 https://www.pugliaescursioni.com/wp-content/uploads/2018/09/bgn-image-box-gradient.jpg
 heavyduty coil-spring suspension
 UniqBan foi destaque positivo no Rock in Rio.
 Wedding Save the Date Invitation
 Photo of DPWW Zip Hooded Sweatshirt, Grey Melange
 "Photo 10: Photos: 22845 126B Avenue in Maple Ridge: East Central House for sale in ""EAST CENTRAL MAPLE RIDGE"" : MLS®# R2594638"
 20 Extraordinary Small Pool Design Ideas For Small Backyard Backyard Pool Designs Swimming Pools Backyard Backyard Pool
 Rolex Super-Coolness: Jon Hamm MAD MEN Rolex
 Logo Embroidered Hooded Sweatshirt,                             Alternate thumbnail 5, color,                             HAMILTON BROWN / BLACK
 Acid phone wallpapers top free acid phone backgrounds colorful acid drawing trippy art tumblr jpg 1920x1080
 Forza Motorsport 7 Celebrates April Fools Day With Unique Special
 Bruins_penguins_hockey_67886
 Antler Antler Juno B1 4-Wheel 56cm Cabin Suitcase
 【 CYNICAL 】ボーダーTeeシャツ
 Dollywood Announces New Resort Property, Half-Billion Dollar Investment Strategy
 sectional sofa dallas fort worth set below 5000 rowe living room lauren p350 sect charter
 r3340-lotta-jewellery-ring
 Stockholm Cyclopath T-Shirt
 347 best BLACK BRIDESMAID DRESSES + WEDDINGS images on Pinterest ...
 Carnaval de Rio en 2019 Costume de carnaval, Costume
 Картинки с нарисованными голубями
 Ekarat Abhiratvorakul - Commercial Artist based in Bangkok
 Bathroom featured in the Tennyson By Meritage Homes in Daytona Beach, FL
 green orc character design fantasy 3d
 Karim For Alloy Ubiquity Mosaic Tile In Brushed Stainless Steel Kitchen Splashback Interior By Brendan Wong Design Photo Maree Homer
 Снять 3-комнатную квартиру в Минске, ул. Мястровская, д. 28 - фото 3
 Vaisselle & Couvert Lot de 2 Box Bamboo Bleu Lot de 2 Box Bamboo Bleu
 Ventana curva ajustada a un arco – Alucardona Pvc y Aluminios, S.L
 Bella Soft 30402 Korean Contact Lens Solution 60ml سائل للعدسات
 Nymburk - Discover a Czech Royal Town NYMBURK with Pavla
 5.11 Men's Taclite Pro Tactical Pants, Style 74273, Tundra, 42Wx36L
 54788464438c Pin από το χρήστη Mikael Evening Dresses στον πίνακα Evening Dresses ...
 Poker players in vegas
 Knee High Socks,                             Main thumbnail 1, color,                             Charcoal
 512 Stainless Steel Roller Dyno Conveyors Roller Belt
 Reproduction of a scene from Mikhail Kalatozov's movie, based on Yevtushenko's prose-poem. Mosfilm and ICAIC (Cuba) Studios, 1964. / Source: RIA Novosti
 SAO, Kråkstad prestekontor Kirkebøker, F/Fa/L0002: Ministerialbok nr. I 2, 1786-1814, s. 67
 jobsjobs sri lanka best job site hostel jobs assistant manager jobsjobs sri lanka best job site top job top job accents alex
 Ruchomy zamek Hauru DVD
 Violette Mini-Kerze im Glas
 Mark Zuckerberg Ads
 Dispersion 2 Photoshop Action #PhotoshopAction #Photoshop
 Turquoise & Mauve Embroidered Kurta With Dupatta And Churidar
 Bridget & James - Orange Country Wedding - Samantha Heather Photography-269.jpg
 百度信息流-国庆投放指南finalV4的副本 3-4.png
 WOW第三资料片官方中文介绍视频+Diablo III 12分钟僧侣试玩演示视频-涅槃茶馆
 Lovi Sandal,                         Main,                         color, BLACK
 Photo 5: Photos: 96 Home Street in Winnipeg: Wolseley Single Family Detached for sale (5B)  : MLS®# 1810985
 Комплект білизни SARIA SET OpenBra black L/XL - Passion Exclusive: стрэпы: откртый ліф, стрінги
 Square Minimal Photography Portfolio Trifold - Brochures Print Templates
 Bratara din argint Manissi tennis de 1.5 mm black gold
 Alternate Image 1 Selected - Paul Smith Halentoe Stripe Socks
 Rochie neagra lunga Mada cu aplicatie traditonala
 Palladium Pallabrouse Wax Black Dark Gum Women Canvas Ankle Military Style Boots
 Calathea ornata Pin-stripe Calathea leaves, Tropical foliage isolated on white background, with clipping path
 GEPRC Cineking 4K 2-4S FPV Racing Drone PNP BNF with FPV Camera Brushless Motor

****************

> _GOAL OF THE EXERCISE_: Count how many lines of the data include the word "Hooded". Your reply should be that number alone.

> _RESULT FOR THIS EXERCISE_: 2